**TASK GOAL:** Give again, unaltered, the lines of the listing below that run from the line having "anteroseptal myocardial infarction" through the line having "Billede 4 - Tipi/lavvu".

**DATA RECORDS:**
================================
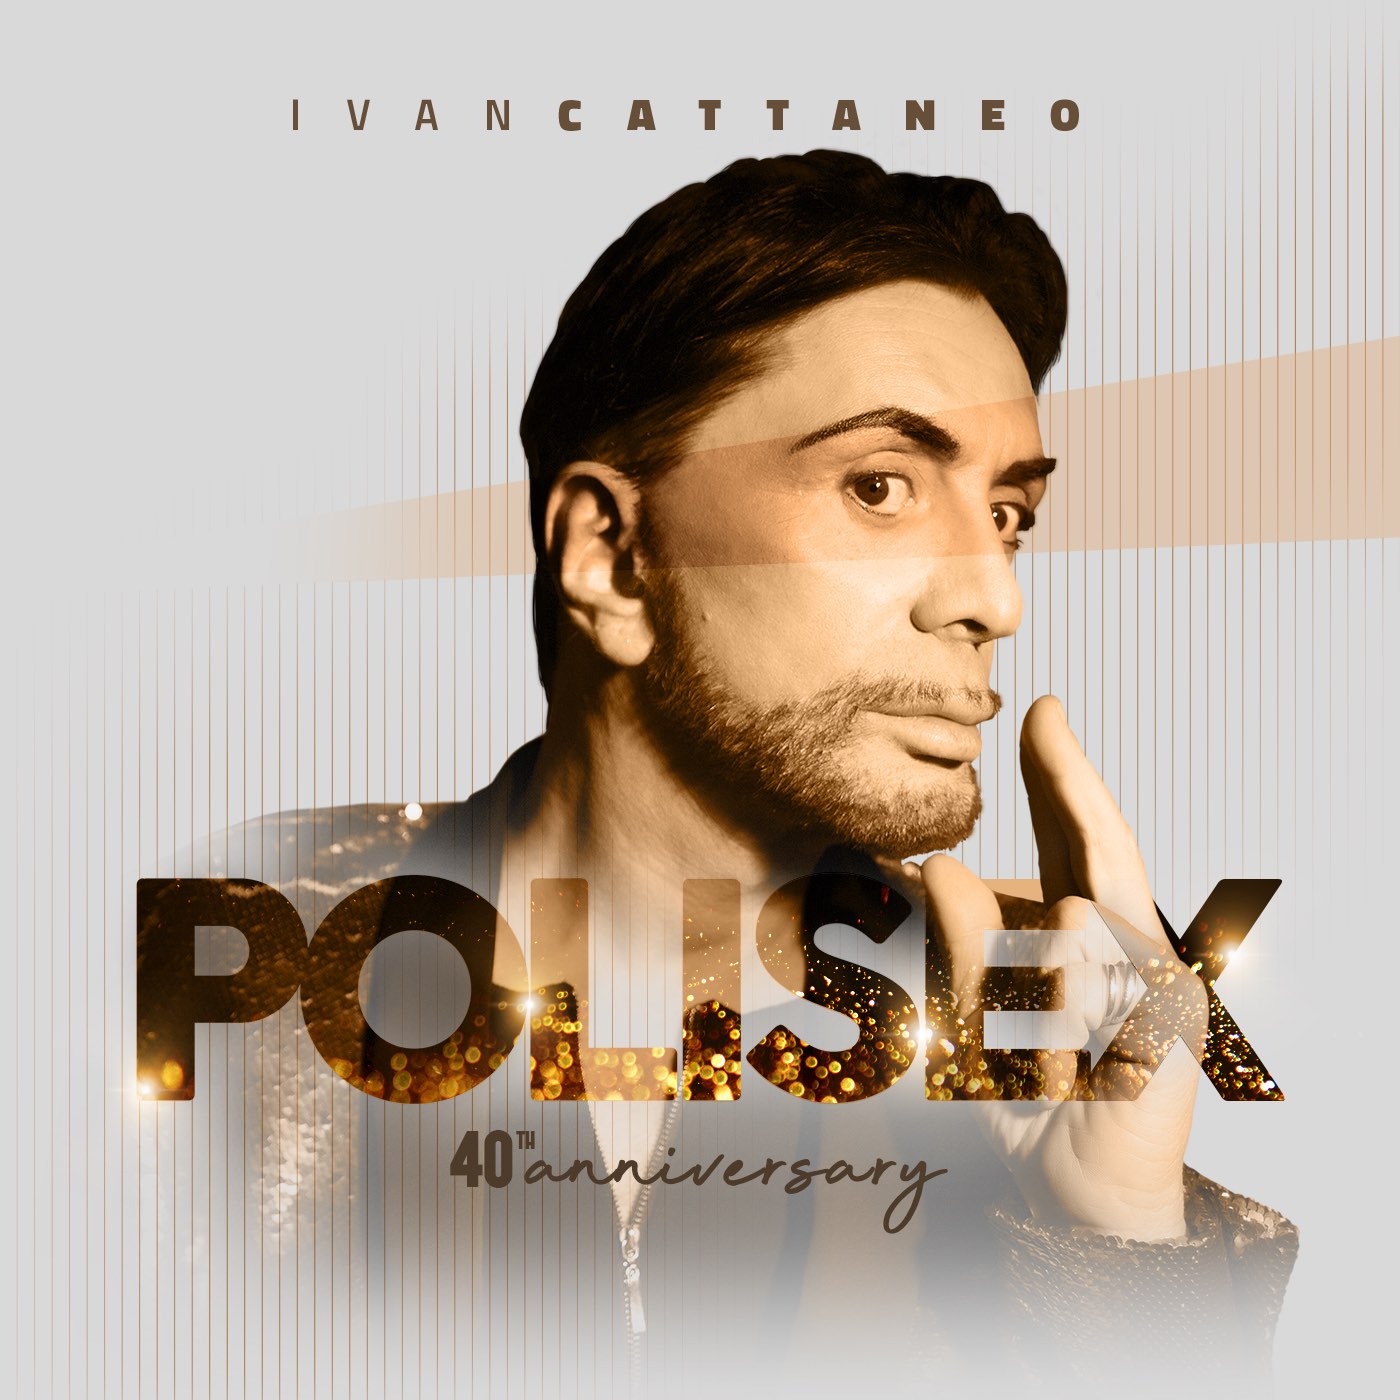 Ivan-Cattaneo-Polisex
================================
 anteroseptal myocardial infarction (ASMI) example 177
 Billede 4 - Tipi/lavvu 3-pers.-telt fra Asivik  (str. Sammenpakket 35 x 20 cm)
================================
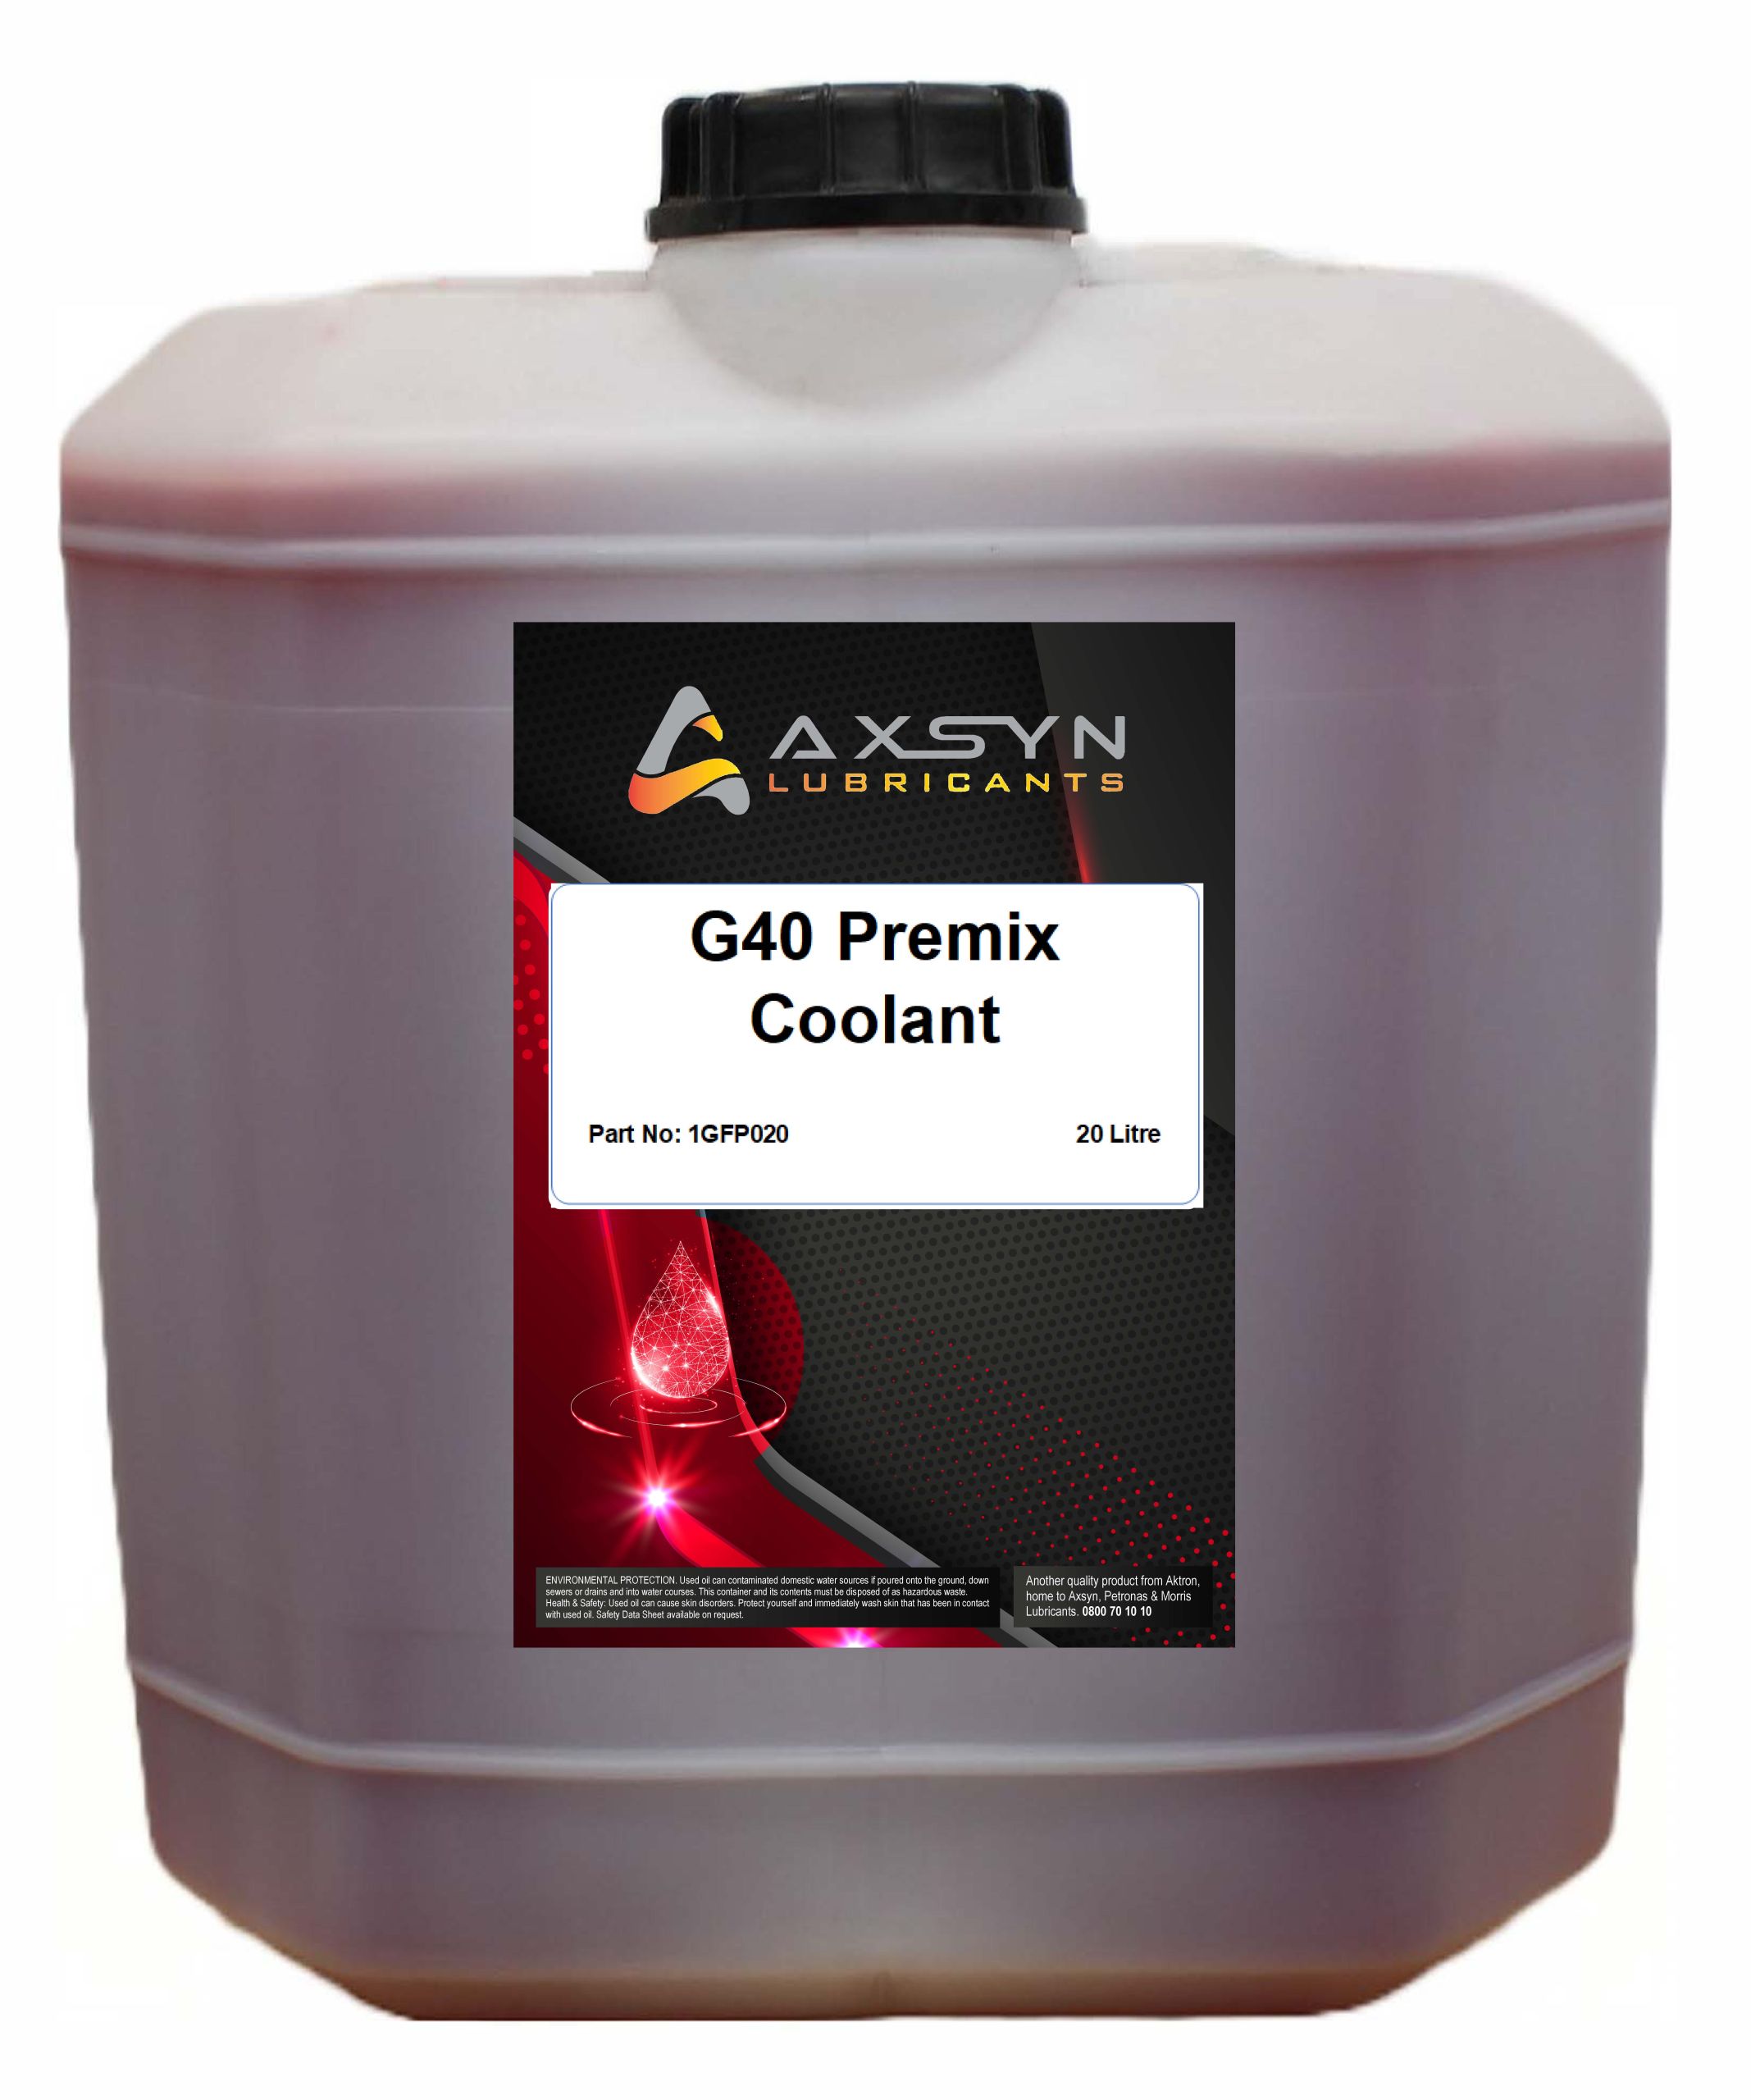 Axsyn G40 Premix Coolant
================================
**RESULT FOR THIS TASK:**
 anteroseptal myocardial infarction (ASMI) example 177
 Billede 4 - Tipi/lavvu 3-pers.-telt fra Asivik  (str. Sammenpakket 35 x 20 cm)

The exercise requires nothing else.